What is needed »
Starting with the first line of the material, reproduce exactly each line up to and including the one that contains "La lampe est livrée avec", leaving out every picture.

Data block »
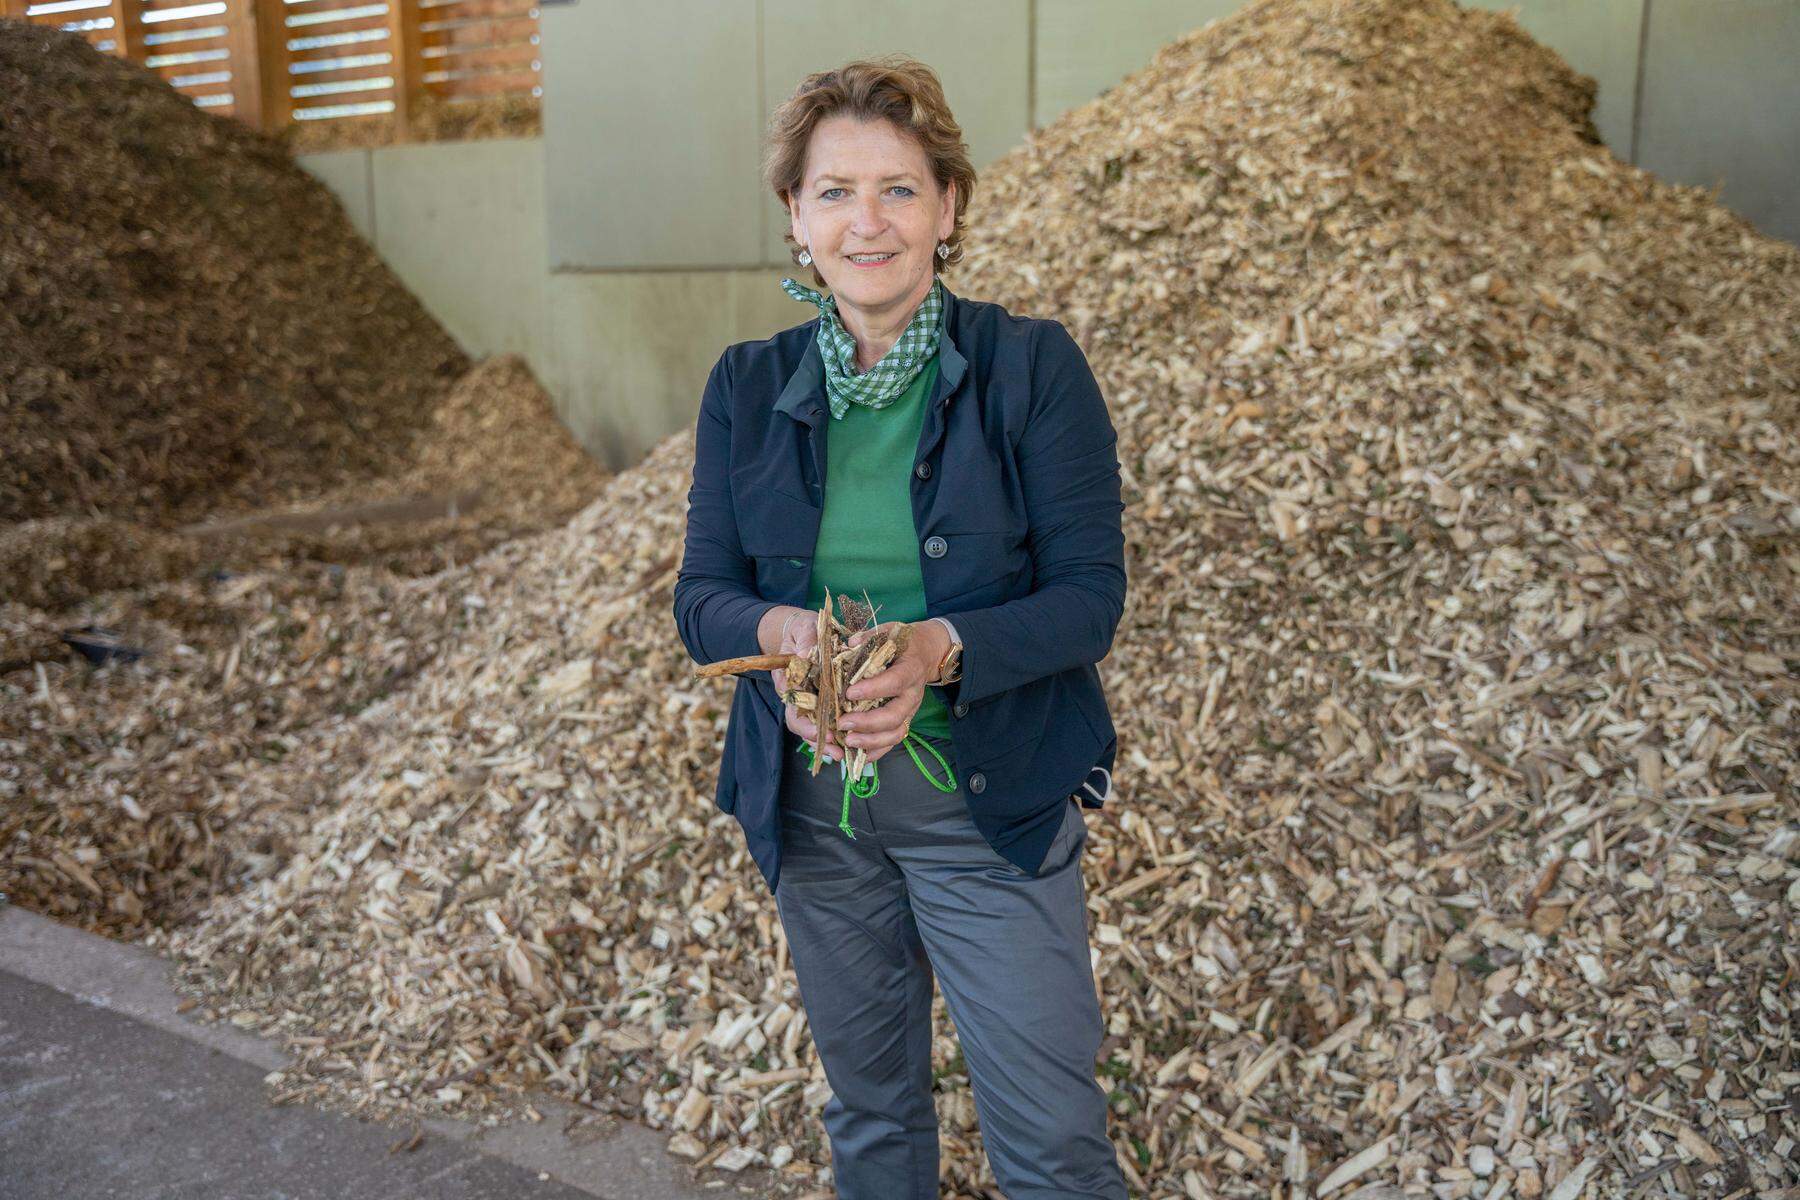 Biomasse Ligist profitiert: Land fördert regionalen Nahwärmeausbau mit zusätzlichen 300.000 Euro
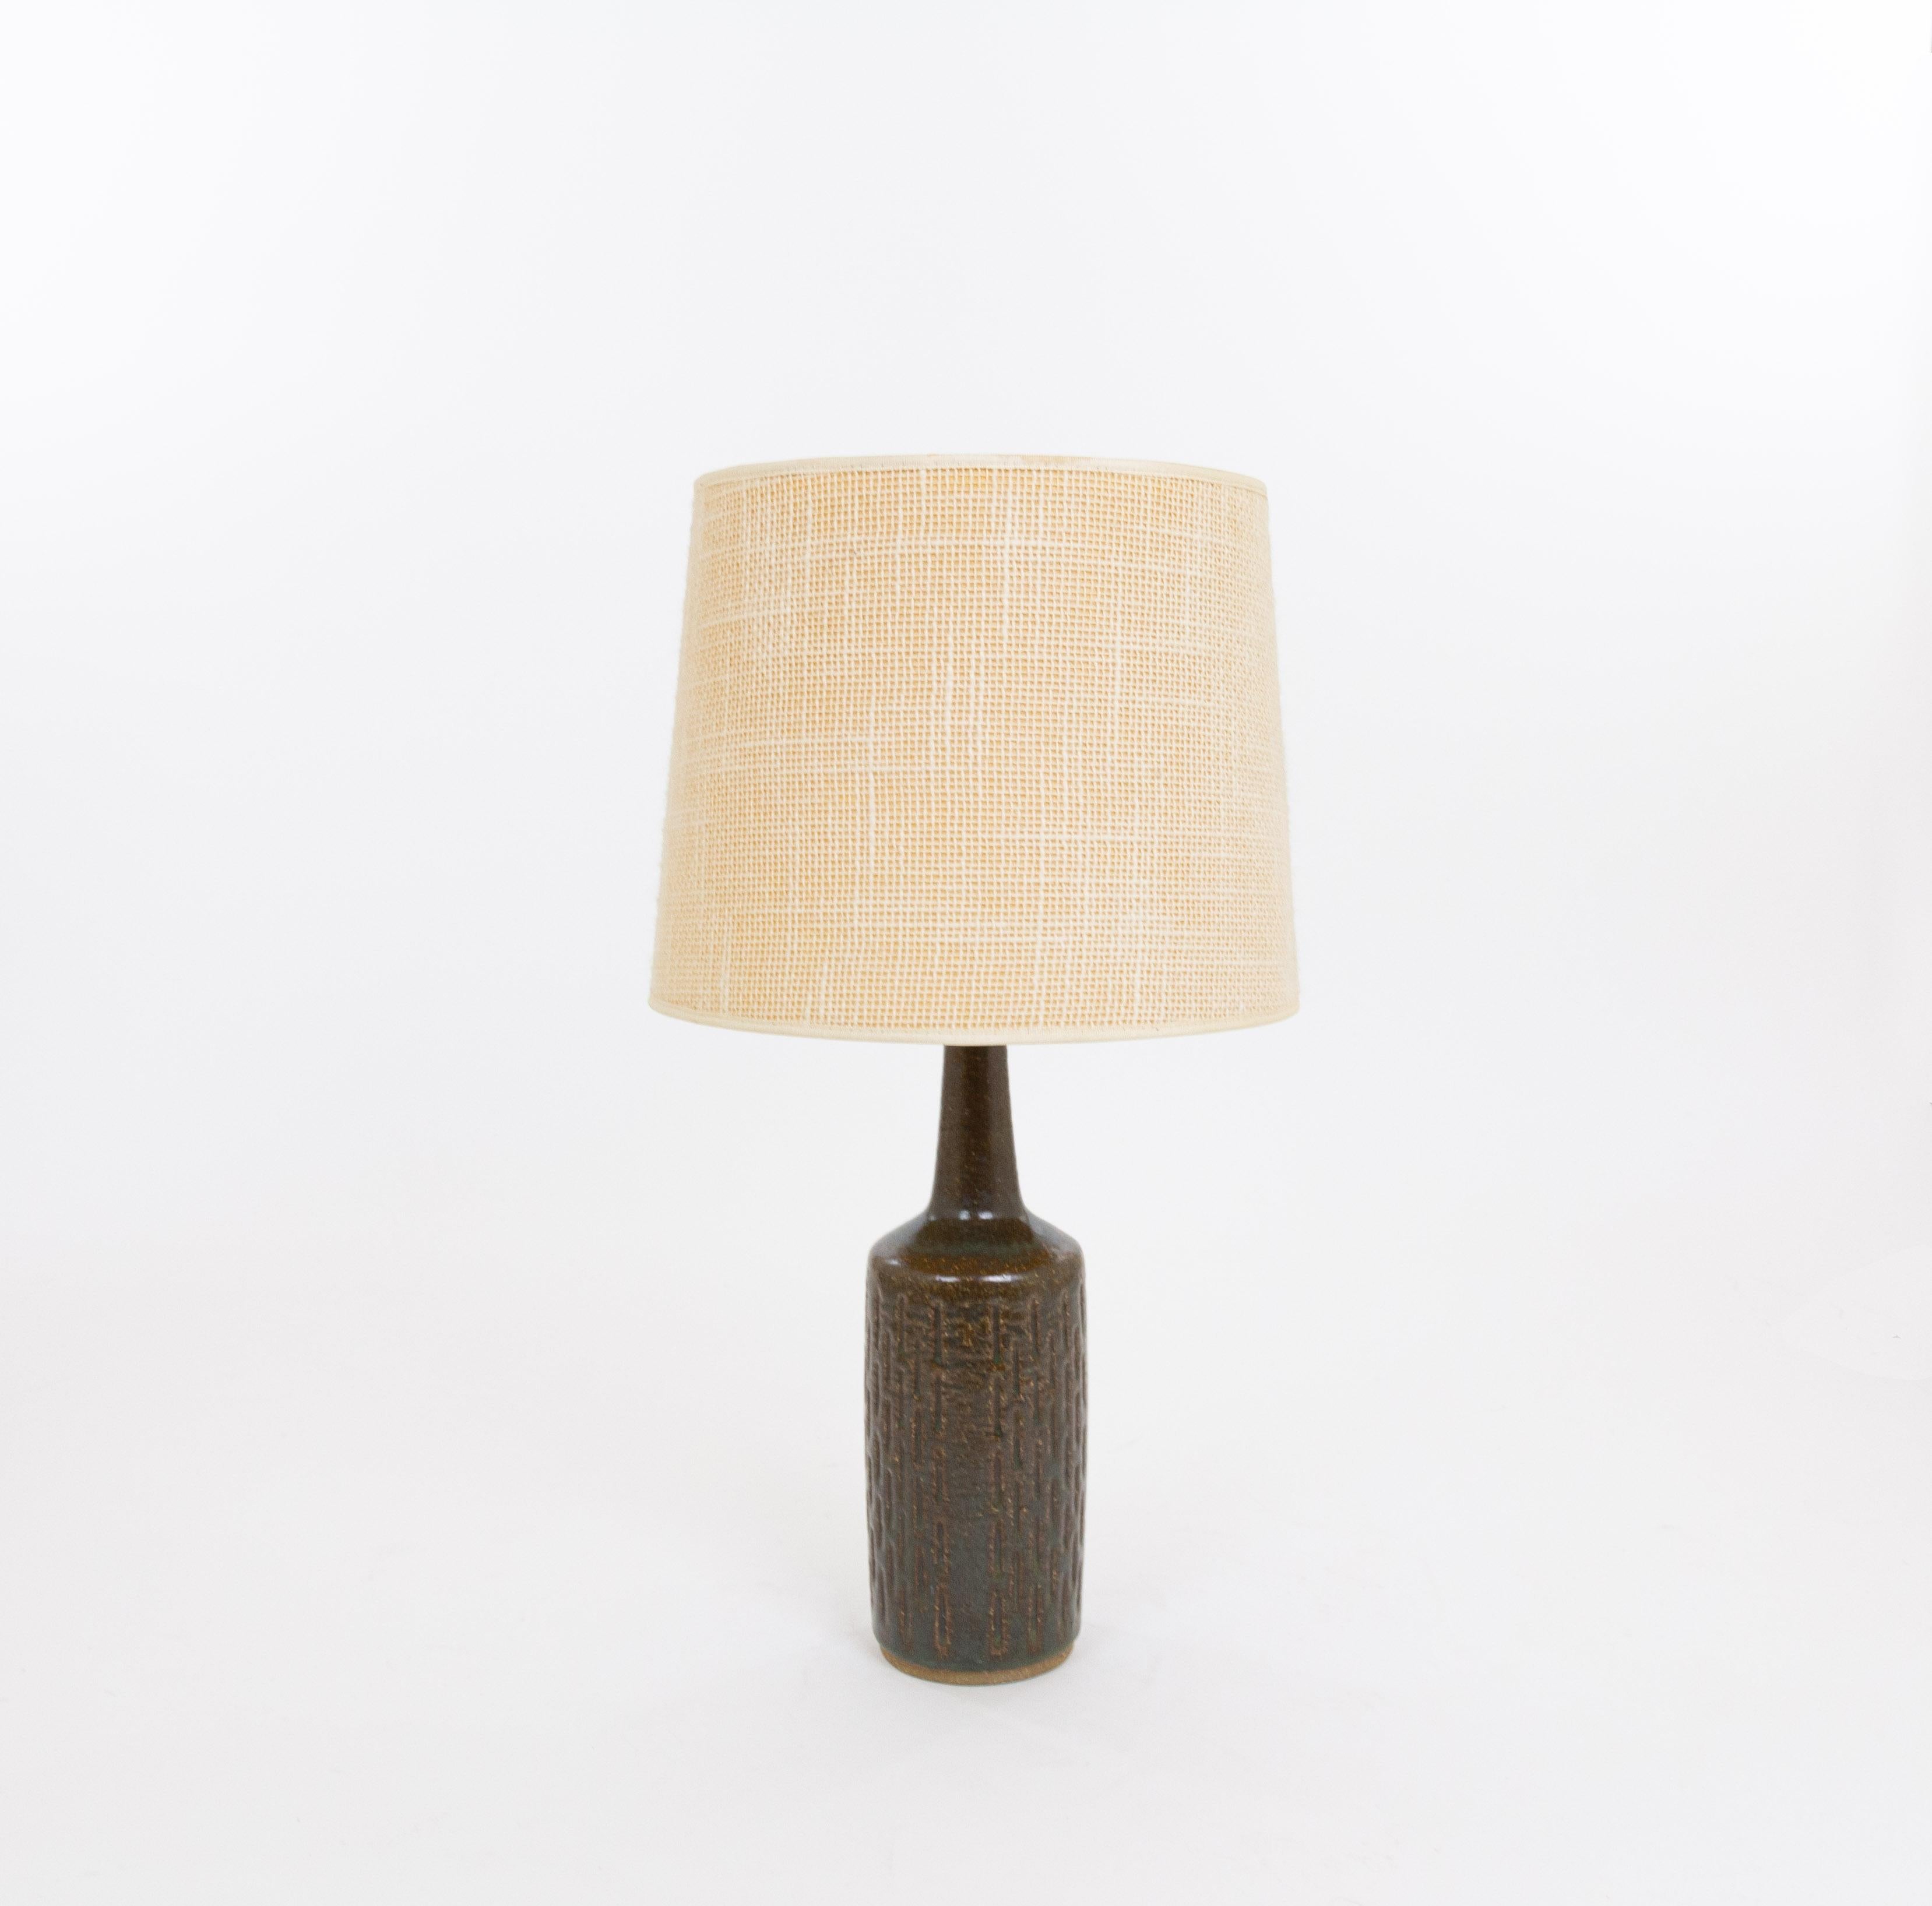 Lampe de table modèle DL/30 réalisée par Annelise et Per Linnemann-Schmidt pour Palshus dans les années 1960. La couleur de la base décorée à la main est un mélange de brun et de vert. Il présente des motifs impressionnés.

La lampe est livrée avec
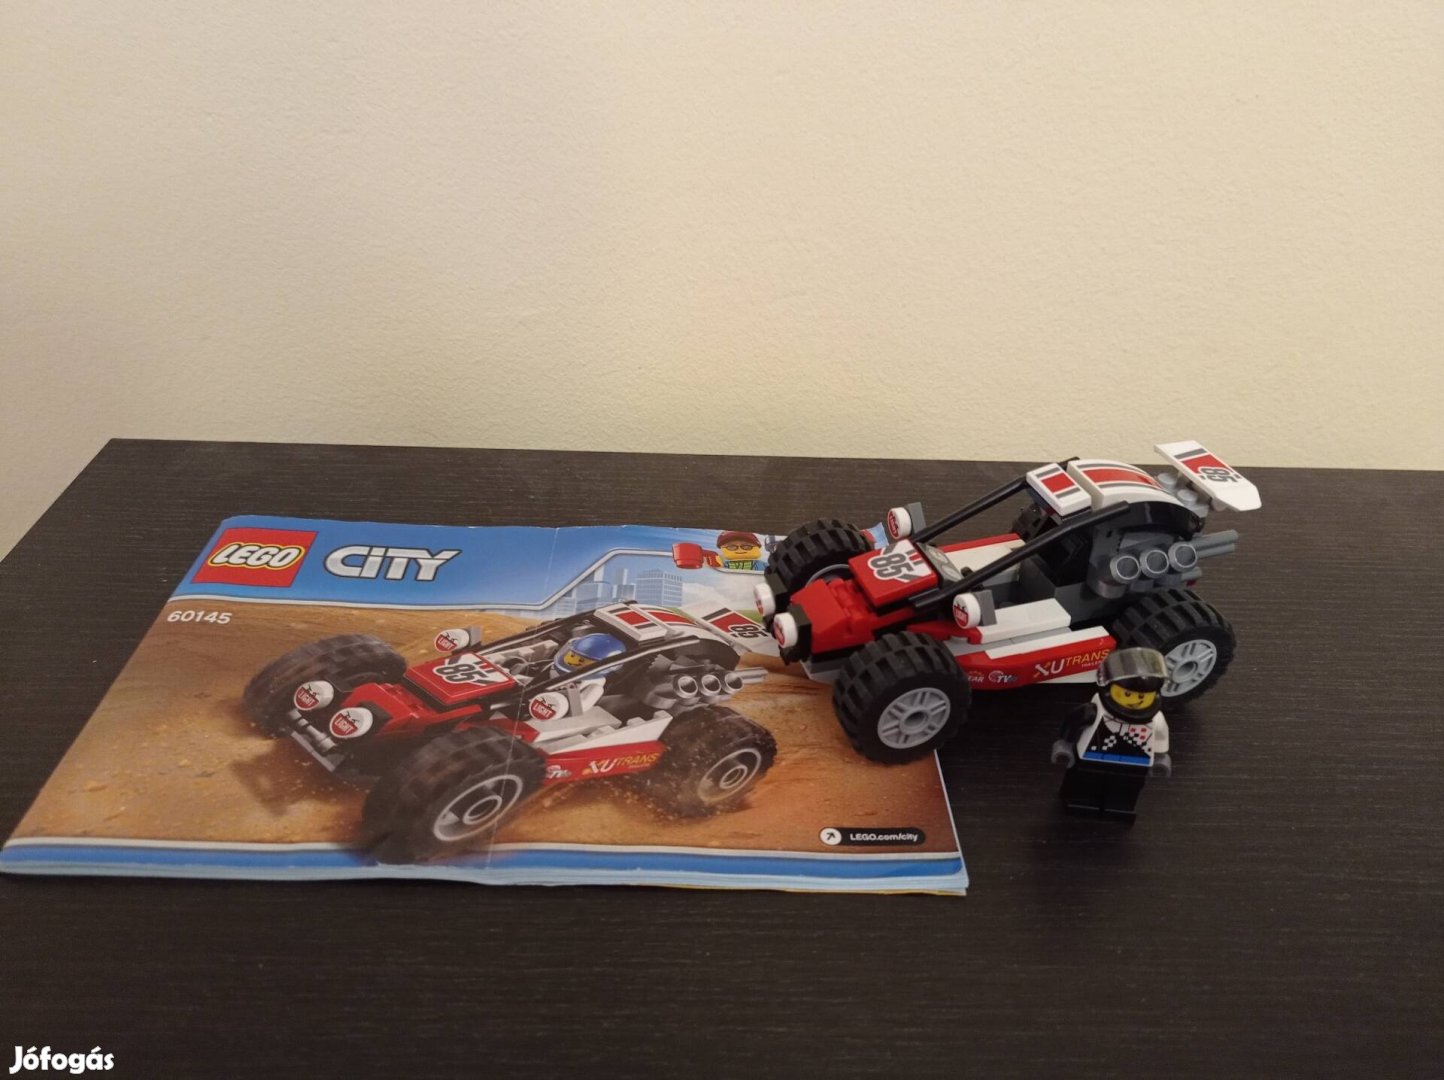 Lego 60145 City

Exercise response »
 Biomasse Ligist profitiert: Land fördert regionalen Nahwärmeausbau mit zusätzlichen 300.000 Euro
 Lampe de table modèle DL/30 réalisée par Annelise et Per Linnemann-Schmidt pour Palshus dans les années 1960. La couleur de la base décorée à la main est un mélange de brun et de vert. Il présente des motifs impressionnés.

La lampe est livrée avec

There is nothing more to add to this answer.